И сколько звонких, молодых чувств!
Нет, я не пренебрегал крайними регистрами. Я заполнил свое фортепиано гулом, раскатами, звоном колоколов и колокольчиков. Громада звуков распределялась по всей клавиатуре. Инструмент дышал полной грудью… Стоп! Кажется, я начинаю изъясняться слогом моей юности.
Итак, переложение «Фантастической симфонии» было готово, потом вышло в свет. Роберт Шуман, большой знаток фортепиано, поместил рецензию в своей музыкальной газете, блестящую по мыслям и очень полезную для меня.

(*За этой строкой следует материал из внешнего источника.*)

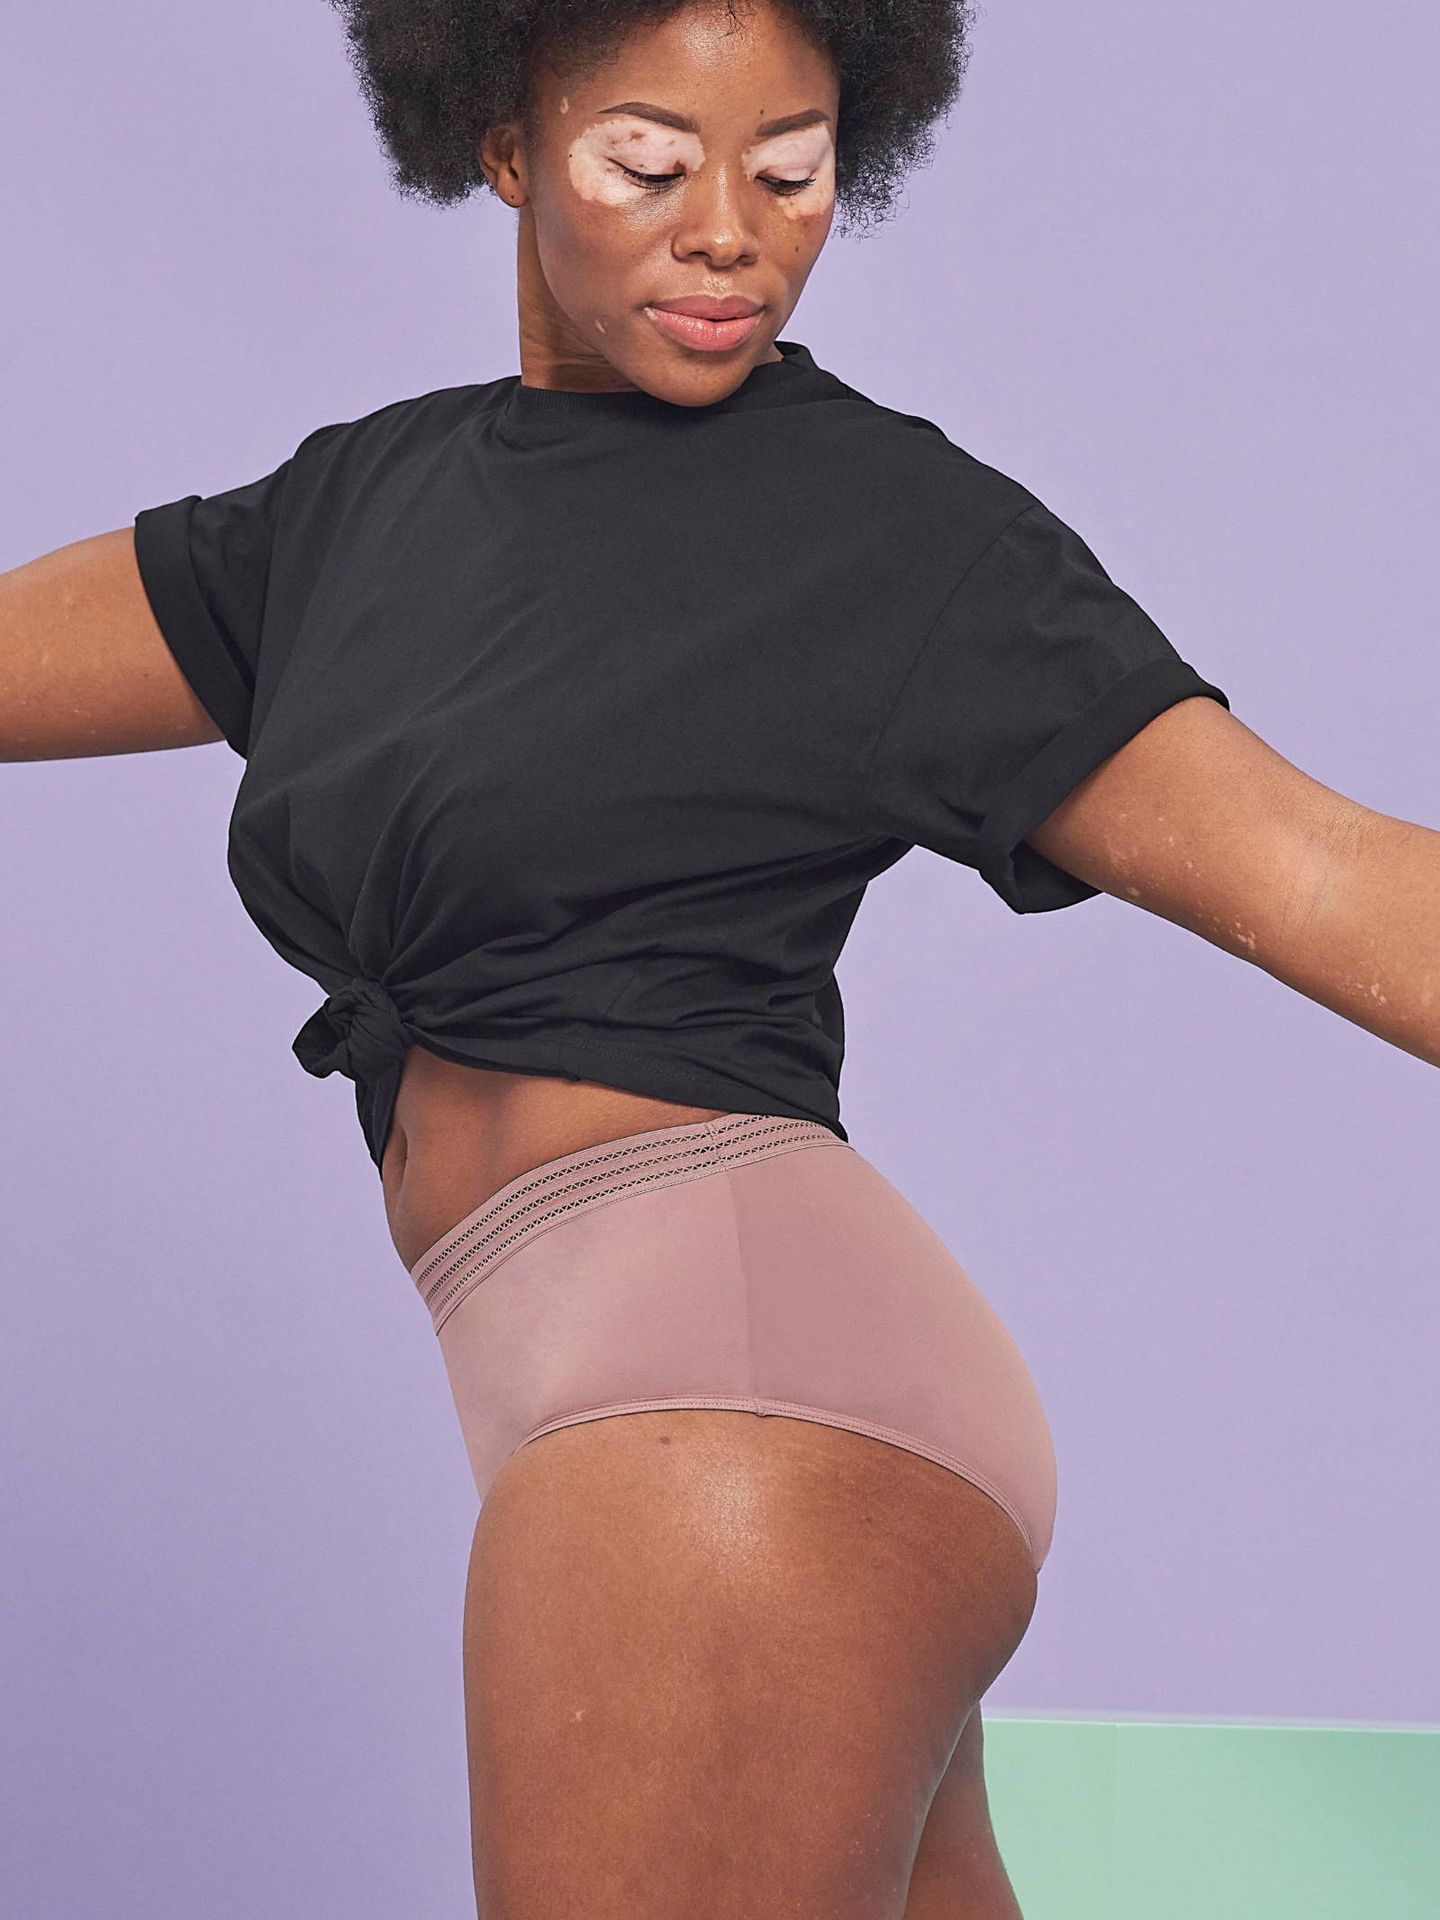 Primark saca a la venta una colección de ropa interior menstrual low cost. (Cortesía)

Моя помощь Берлиозу, которого теперь узнали как следует, имела значительные последствия. Отныне фортепиано превратилось в подлинно демократический инструмент: на нем можно было выразить всё для всех. Оперы, симфонии, песни, квартеты — то, что не сразу и не всем доступно, теперь может стать известно благодаря фортепианным транскрипциям.
Переложив и другие симфонические произведения Берлиоза, я убедился, что мои силы окрепли. Все же я не был вполне удовлетворен. Молодость жаждет нового. Я же никогда не знал и не желал покоя. Тщеславие было мне чуждо, а честолюбие, которому я был подвержен, заключалось прежде всего в том, чтобы меня поняли. Самодовольства же я, к счастью, был вовсе лишен. Вот почему я часто терзался сознанием несовершенства. Особенно, имея перед глазами такой пример, как Фридерик Шопен. Он был всего годом старше меня, но по уму, по развитию, конечно, выше. То, что он открыл в фортепианном искусстве, — тот мир самобытной поэзии был недоступен мне. Я не завидовал — каждому свое. Но удивлялся Шопену. В этом физически слабом, замкнутом, хотя и всегда приветливом человеке была такая духовная сила, что я чувствовал себя перед ним почти ребенком. Он прочитал в своей жизни, вероятно, меньше, чем я, но знал больше. В публичных концертах он не мог выступать из-за слабого здоровья и особого склада характера. Но его игра в кругу друзей значила больше, чем иные концерты. Она возвышала и облагораживала. Катастрофа, происшедшая на родине Фридерика, глубоко потрясла его. Эта рана никогда не заживала. Но воспоминания о родине и любовь к ней и были источником его удивительной музыки.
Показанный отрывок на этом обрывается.